¹ Griffith Institute for Drug Discovery , Griffith University , Nathan , Queensland 4111 , Australia . Email: r.davis@griffith.edu.au ; Email: a.hofmann@griffith.edu.au.
² Faculty of Veterinary and Agricultural Sciences , The University of Melbourne , Parkville , Victoria 3010 , Australia.

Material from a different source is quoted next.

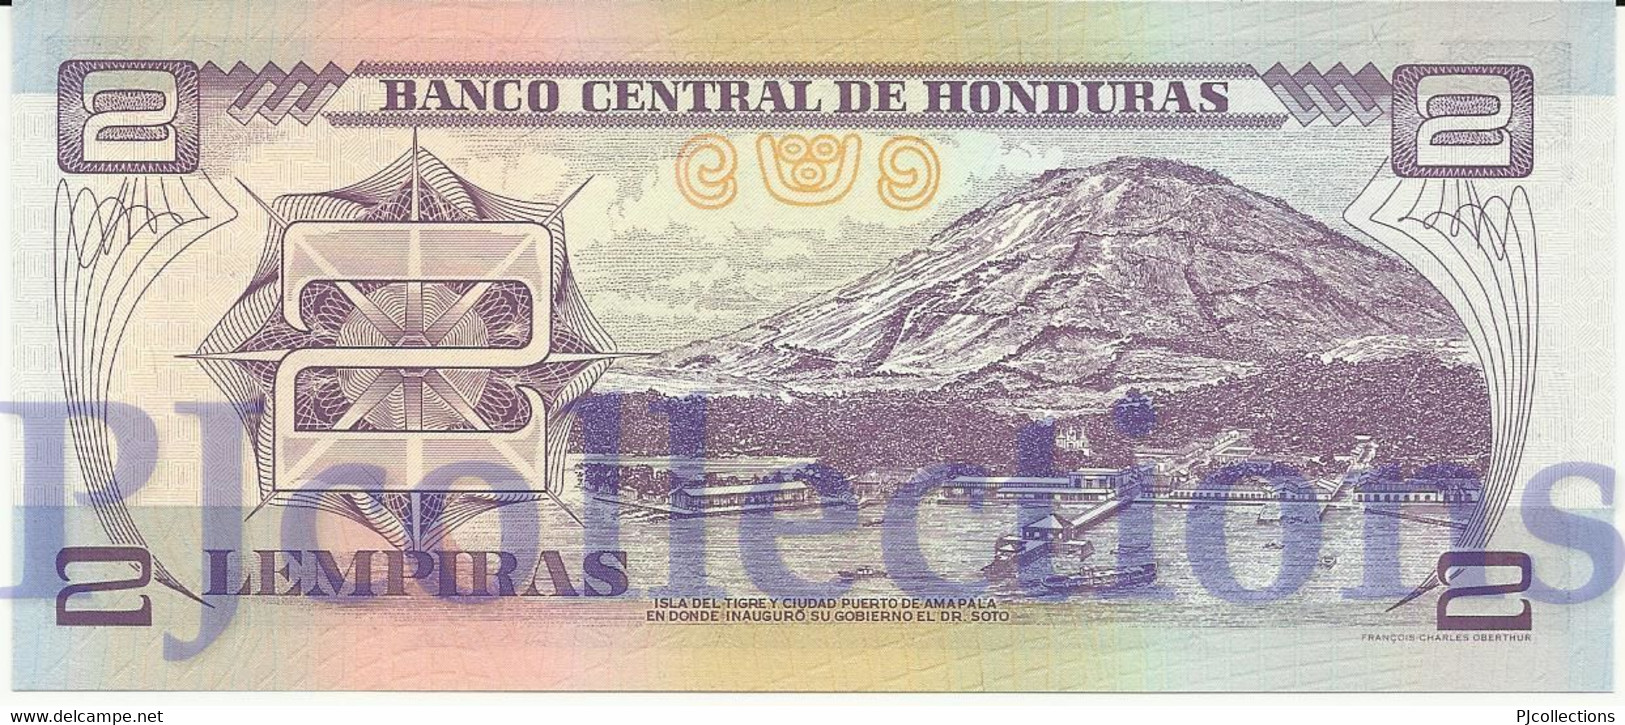 HONDURAS 2 LEMPIRAS 2003 PICK 80Ad UNC - Honduras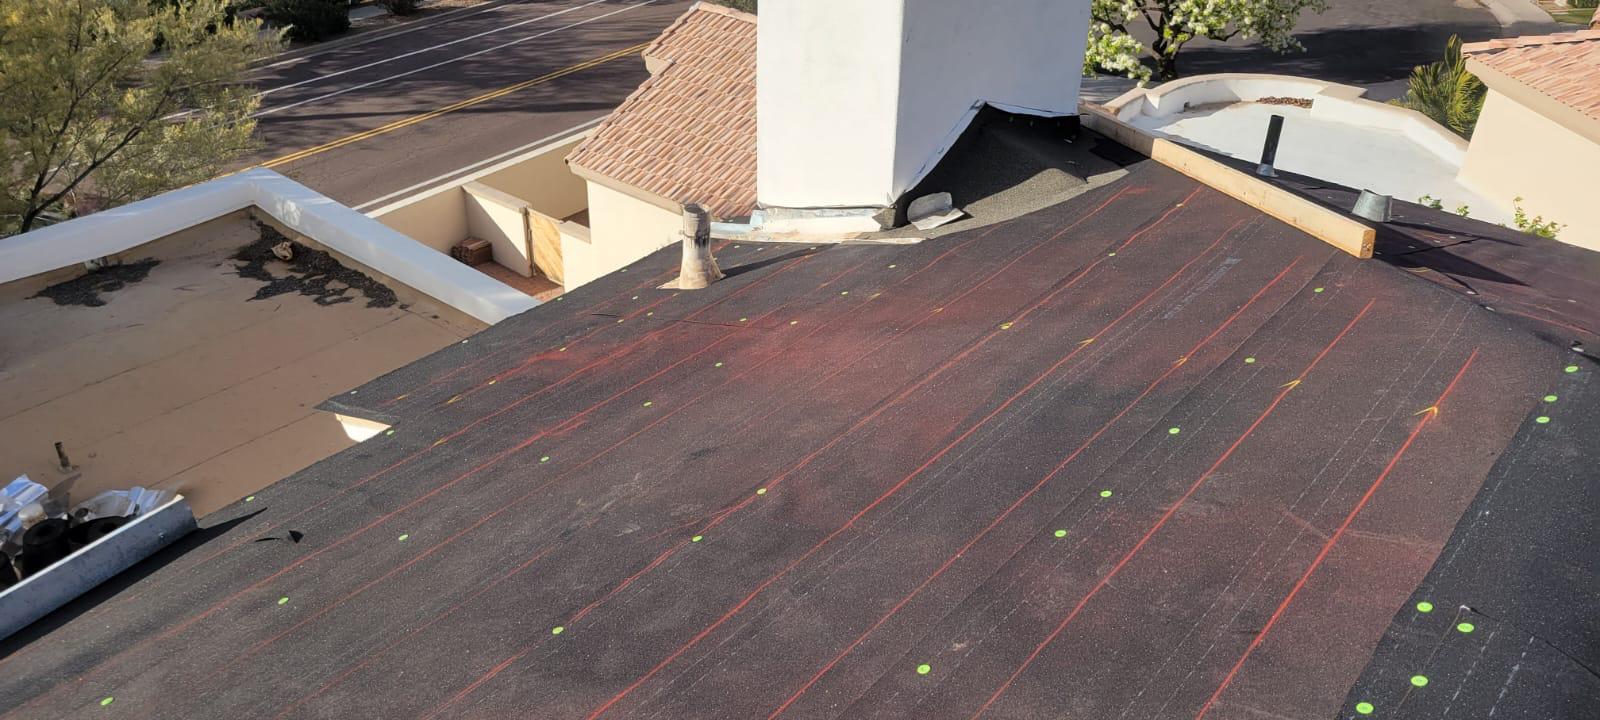 Ironwood Village rooftop undergoing a tile re-felt with Behmer's expert underlayment application.

³ Queensland Tropical Health Alliance , Smithfield , Queensland 4878 , Australia.

Abstract

The soluble mycobacterial carbonic anhydrases Rv3588c and Rv1284 belong to a different class of carbonic anhydrases than those found in humans, making them attractive drug targets by using the inherent differences in the folds of the different classes. By screening a natural product library, we identified naphthoquinone derivatives as a novel non-classical inhibitor scaffold of mycobacterial carbonic anhydrases that lack the sulfonamide/sulfamate group and thus did not affect human carbonic anhydrase II.